Alza il volto scarno
verso il mio, che la tensione ha eroso notevolmente, privandolo di quel
rossore
femminile che Linda si divertiva a saggiare con i polpastrelli. Gli
stessi che
increspano le lenzuola, pallide quanto le gote di mia moglie, nel
tentativo di
ricreare figure astratte in cui Linda si diverte a ricercare la
concretezza che
la sua vita pare perdere lentamente.
Rivolge nuovamente gli
occhi alle coperte, abbozzando un sorriso incoraggiante alle sue dita
improvvisamente zelanti.
Finalmente la sua voce
articola parole compunte e a me comprensibili.
-No, Paul, non è il modo
migliore. Temo he non ci sia un modo adatto per affrontare questa
situazione.
Neppure il tuo lo è. Ma prova ad immaginare una cosa, amore
mio. Prova ad
immaginare una grande distesa pietrosa e inospitale e una profonda
voragine a
separarmi da un grande spiazzo tiepido e verdeggiante. Solo un ponte
fragile e
insicuro mi permette di raggiungere quel luogo così
ospitale. E io sto salendo
su quel ponte, Paul. Nonostante il timore che possa cedere al mio peso
e
lasciarmi scivolare nell’abisso della disperazione. Io mi
affido alla sicurezza,
seppur precaria, di quelle assi.
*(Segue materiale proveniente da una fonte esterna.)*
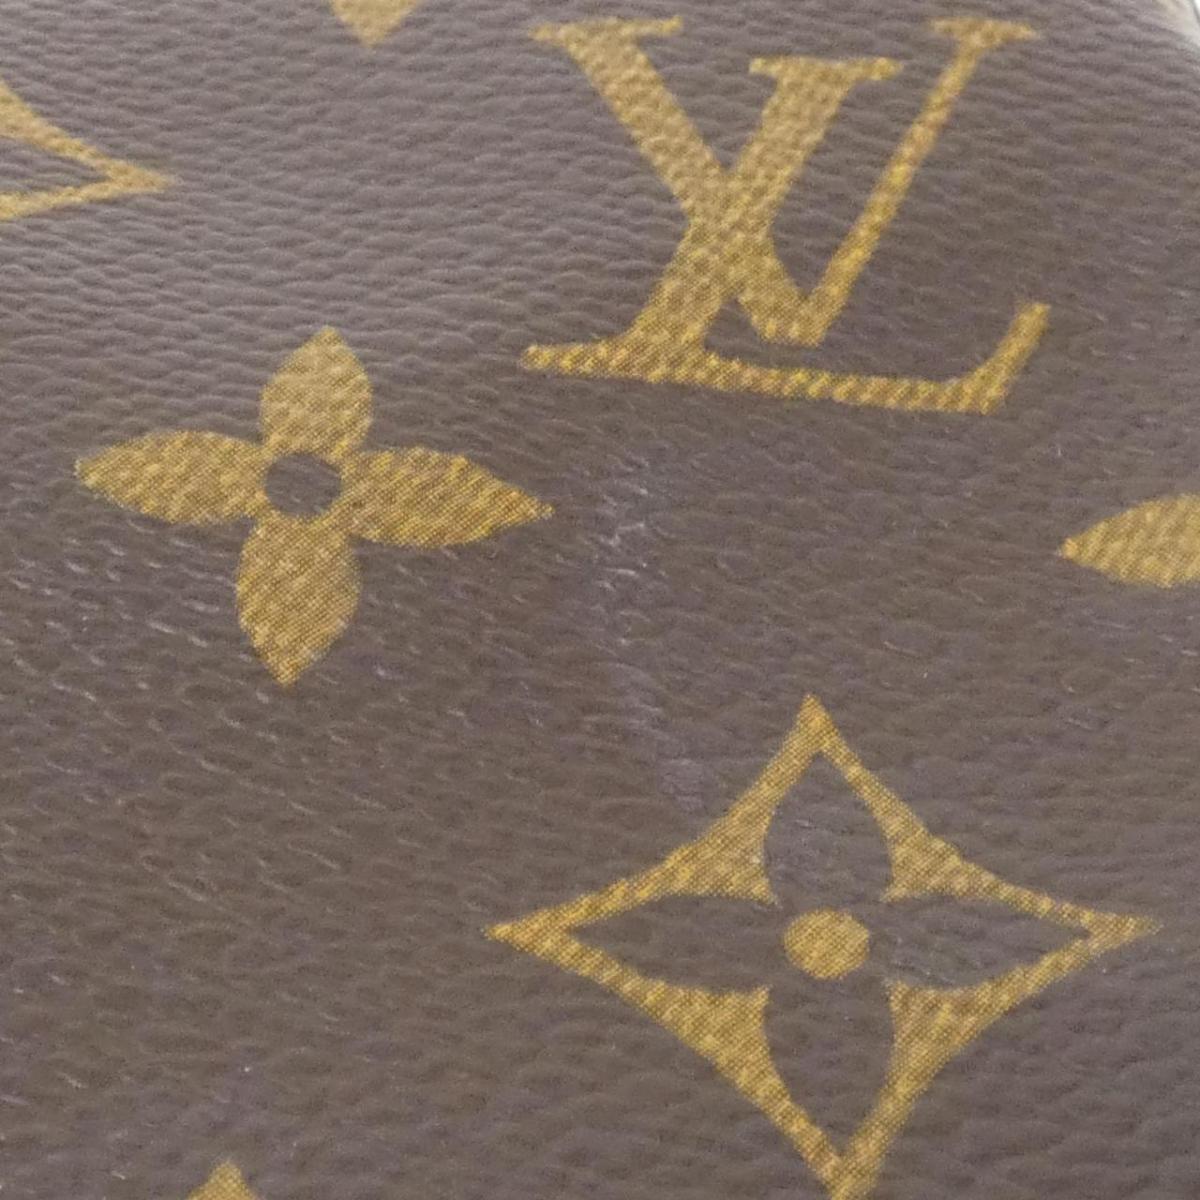 Louis Vuitton Monogram Viva City MM M51164 Shoulder Bag

Io mi abbandono alla speranza che un
giorno io
possa smettere di soffrire e possa continuare a condividere la mia vita
con
te.-
Scuoto il capo, un poco
infastidito dalla sua puerile illusione che contrasta con
l’effettivo stato di
salute di Linda, il quale non pare offrire adito ad alcuna fiducia
nella
guarigione.
Il mio cinismo no
sorprende mia moglie, ormai esperta conoscitrice degli anfratti
più oscuri e
sconvenienti del mio carattere, assai più fragile di quel
ponte da lei
descritto.
-La speranza è un
sentimento troppo effimero in queste occasioni, Linda, non ti
aiuterebbe a
sconfiggere la malattia e quel maledetto spiazzo verdeggiante di cui
parli non
potrà mai avvicinarsi soltanto grazie alla tua fiducia,
non…-
-Anche la frustrazione a
cui stai soccombendo lo è. Credi che evitare i giornalisti e
occuparti soltanto
del mio ricordo ti aiuti ad affrontare con maggior sicurezza la
realtà? Credi
davvero che assistere al mio dolore con altrettanta tristezza sia
l’atteggiamento
più razionale che tu possa adottare? No, Paul. Non lo credi
davvero, ma speri
che le lacrime possano cancellare i tuoi sentimenti rabbiosi. Ma non
è così e
lo sai. Attraversa questo ponte assieme a me, Paul. Spero, anche solo
per un
attimo, che tutto possa tornare come prima.-
Mi avvicino
repentinamente al suo letto, cercando le sue mani oltre le lenzuola
sotto cui
hanno cercato protezione. Percepisco il timido tepore delle sue dite,
che tento
di rinvigorire con il calore che risiede nelle mie.
Linda riconosce quel
tentativo e ne sorride, stendendo quelle labbra che mi sorprendo a
desiderare
ancor più ardentemente di quanto ricordassi.
L’orgoglio si ritira
mesto dalle mie parole mentre la sincera titubanza avanza nella mia
voce.
-Io… io non ci riesco… ho
paura che… quel ponte non riesca a reggere anche me e
che… possa distruggersi e
che… in quell’abisso mi attenda nuovamente
il… timore di perderti… E io… -
Scuoto il capo, adagiandolo
contro il suo petto e permettendo alle lacrime di inumidire la sua
camicia da
notte. Percepisco le sue dita vagare fra i miei capelli, invitandomi ad
esprimere i miei timori.
-Ho paura, Linda… Io non
voglio… non voglio continuare a vivere se tu non…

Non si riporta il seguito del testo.